EvalPythonExec Unary Physical Operators¶
EvalPythonExec is an extension of the UnaryExecNode (Spark SQL) abstraction for unary physical operators that evaluate PythonUDFs (when executed).
Contract¶
Evaluating PythonUDFs¶
evaluate(
funcs: Seq[ChainedPythonFunctions],
argOffsets: Array[Array[Int]],
iter: Iterator[InternalRow],
schema: StructType,
context: TaskContext): Iterator[InternalRow]
See:
Used when:
EvalPythonExecphysical operator is requested to doExecute
Result Attributes¶
resultAttrs: Seq[Attribute]
Result Attributes (Spark SQL)
See:
Used when:
EvalPythonExecphysical operator is requested for the output and producedAttributes
Python UDFs¶
udfs: Seq[PythonUDF]
See:
Used when:
EvalPythonExecphysical operator is requested to doExecute
Implementations¶
- ArrowEvalPythonExec
BatchEvalPythonExec
Executing Physical Operator¶
The gist of doExecute is to evaluate Python UDFs (for every InternalRow) with some pre- and post-processing.

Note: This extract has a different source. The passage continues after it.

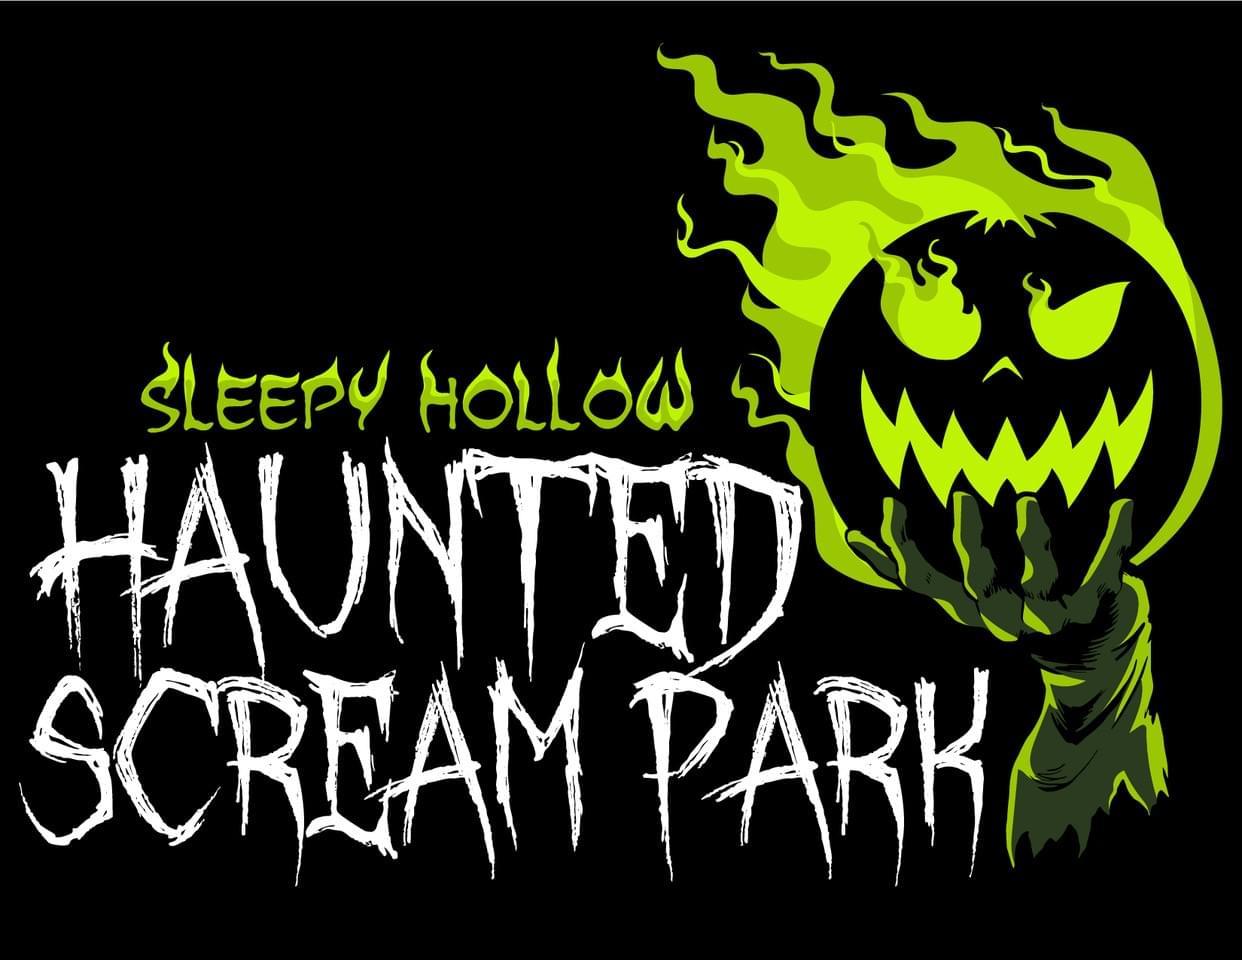 Scream park logo black back ground

doExecute requests the child physical operator to execute (to produce an input RDD[InternalRow]).
Note
EvalPythonExecs are UnaryExecNodes (Spark SQL).
doExecute uses RDD.mapPartitions operator to execute a function over partitions of InternalRows.
For every partition, doExecute creates a MutableProjection for the inputs (and the child's output) and requests it to initialize.
doExecute evaluates Python UDFs (for every InternalRow).
In the end, doExecute creates an UnsafeProjection for the output to "map over" the rows (from evaluating Python UDFs).